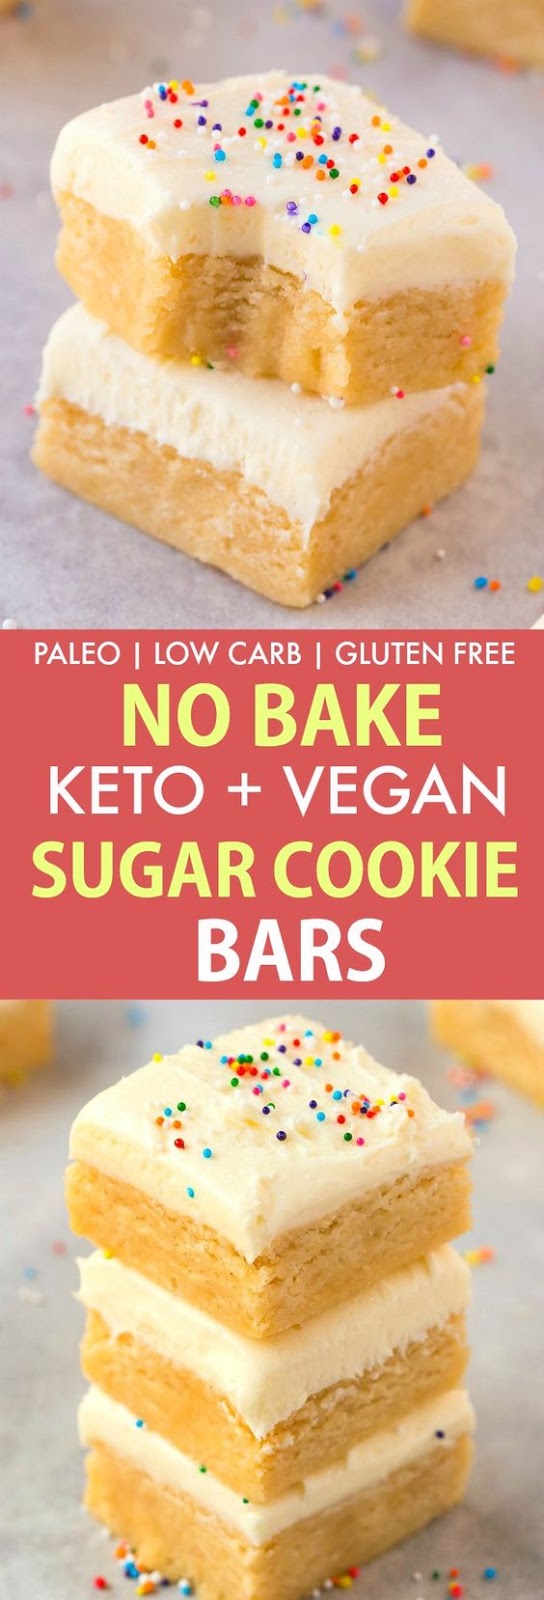 Healthy No Bake Paleo Vegan Sugar Cookie Bars- Perfect for Christmas, Thanksgiving and the holidays, this keto and low carb dessert is SO easy and takes minutes! #thanksgiving #christmasrecipe #sugarcookie #nobake #ketodessert #vegandessert #holidaybaking
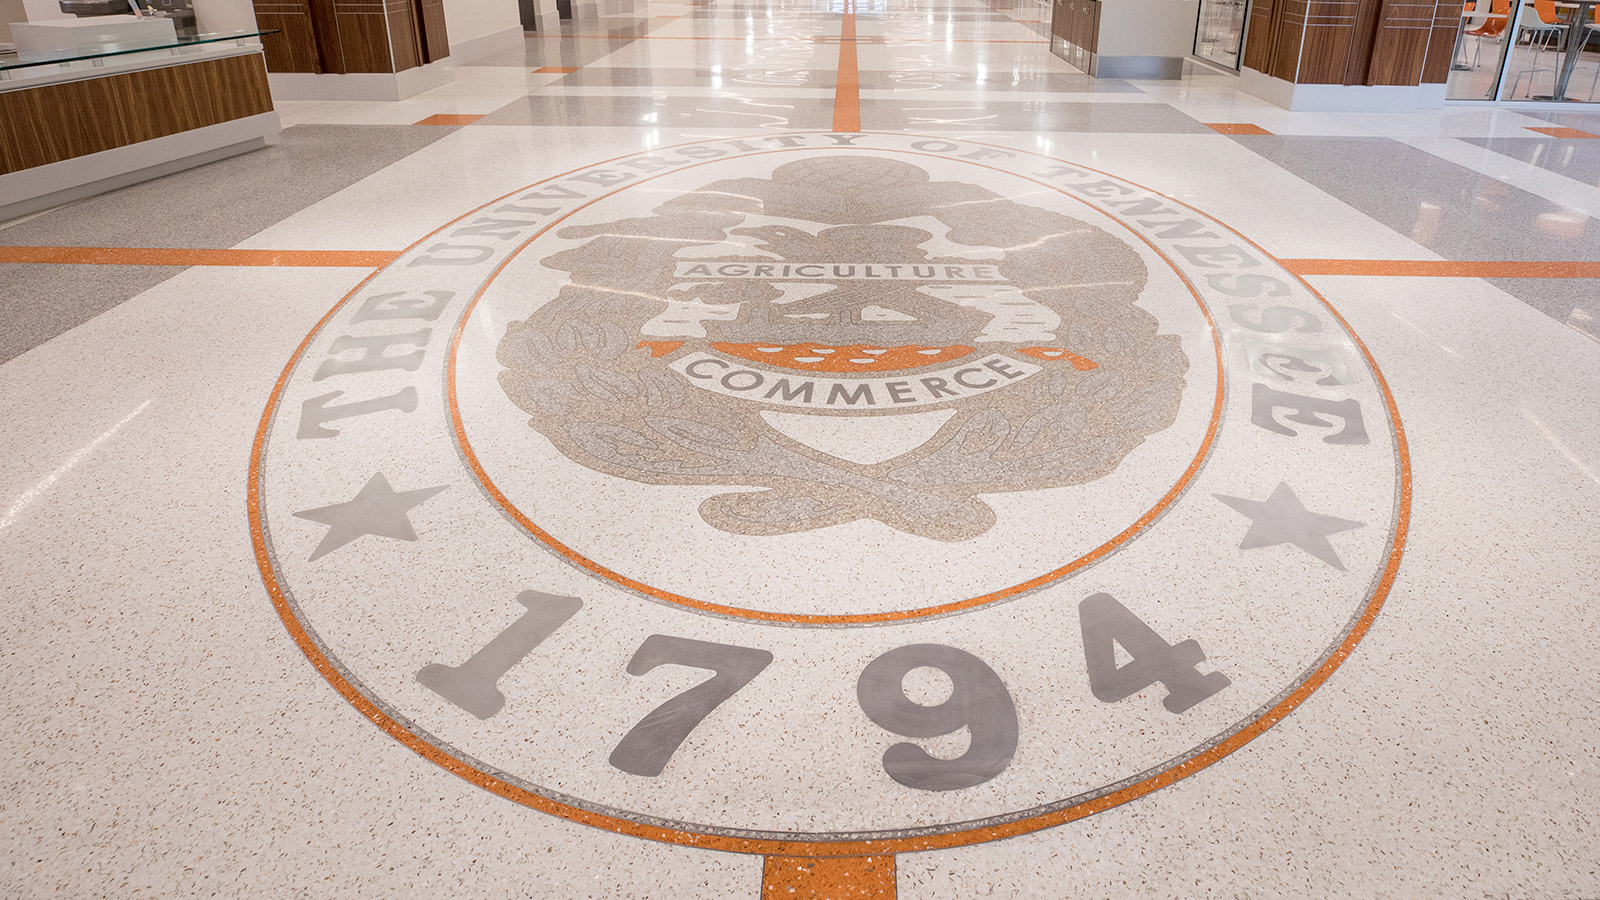 University of Tennessee seal inlaid in the floor of the UTK Student Union
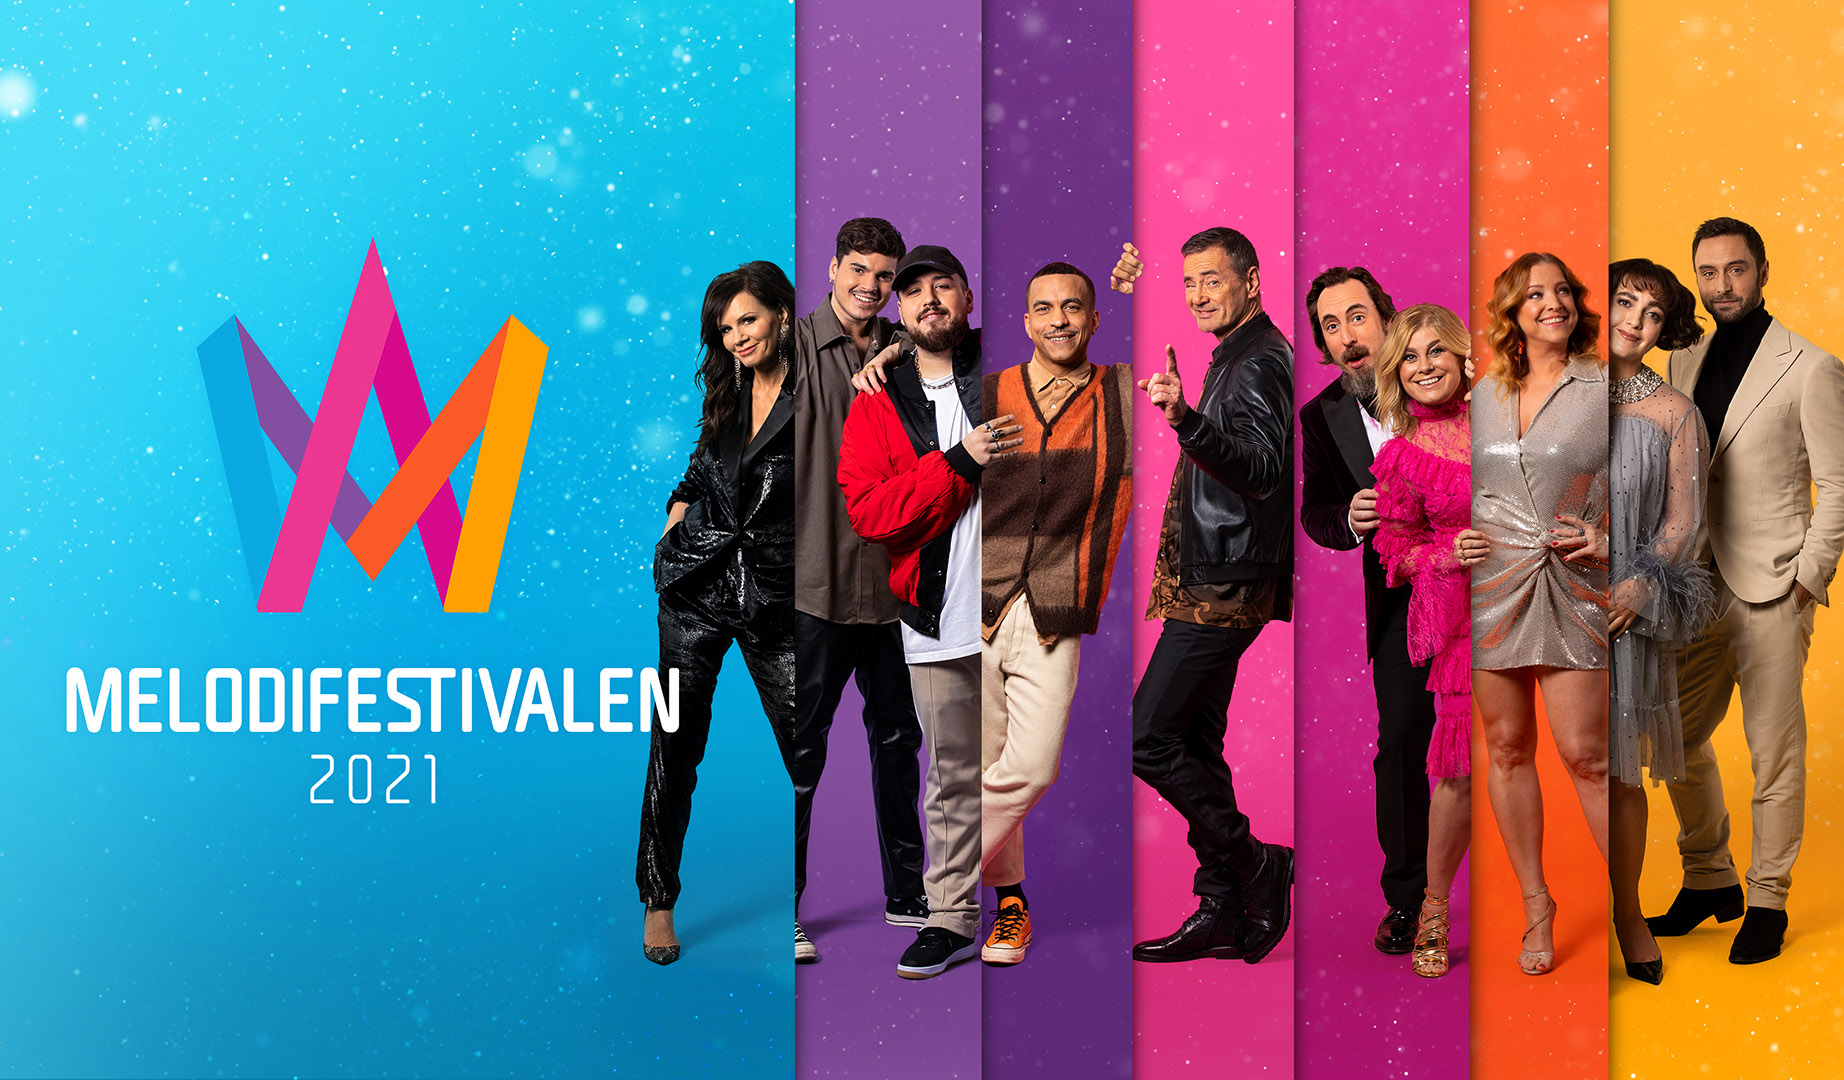 Sweden: The snippets of the second Melodifestivalen semi-final songs are out!

Activity:
Give the listing above again in its entirety and exactly; do not include the pictures.

Finished exercise:
 Healthy No Bake Paleo Vegan Sugar Cookie Bars- Perfect for Christmas, Thanksgiving and the holidays, this keto and low carb dessert is SO easy and takes minutes! #thanksgiving #christmasrecipe #sugarcookie #nobake #ketodessert #vegandessert #holidaybaking
 University of Tennessee seal inlaid in the floor of the UTK Student Union
 Sweden: The snippets of the second Melodifestivalen semi-final songs are out!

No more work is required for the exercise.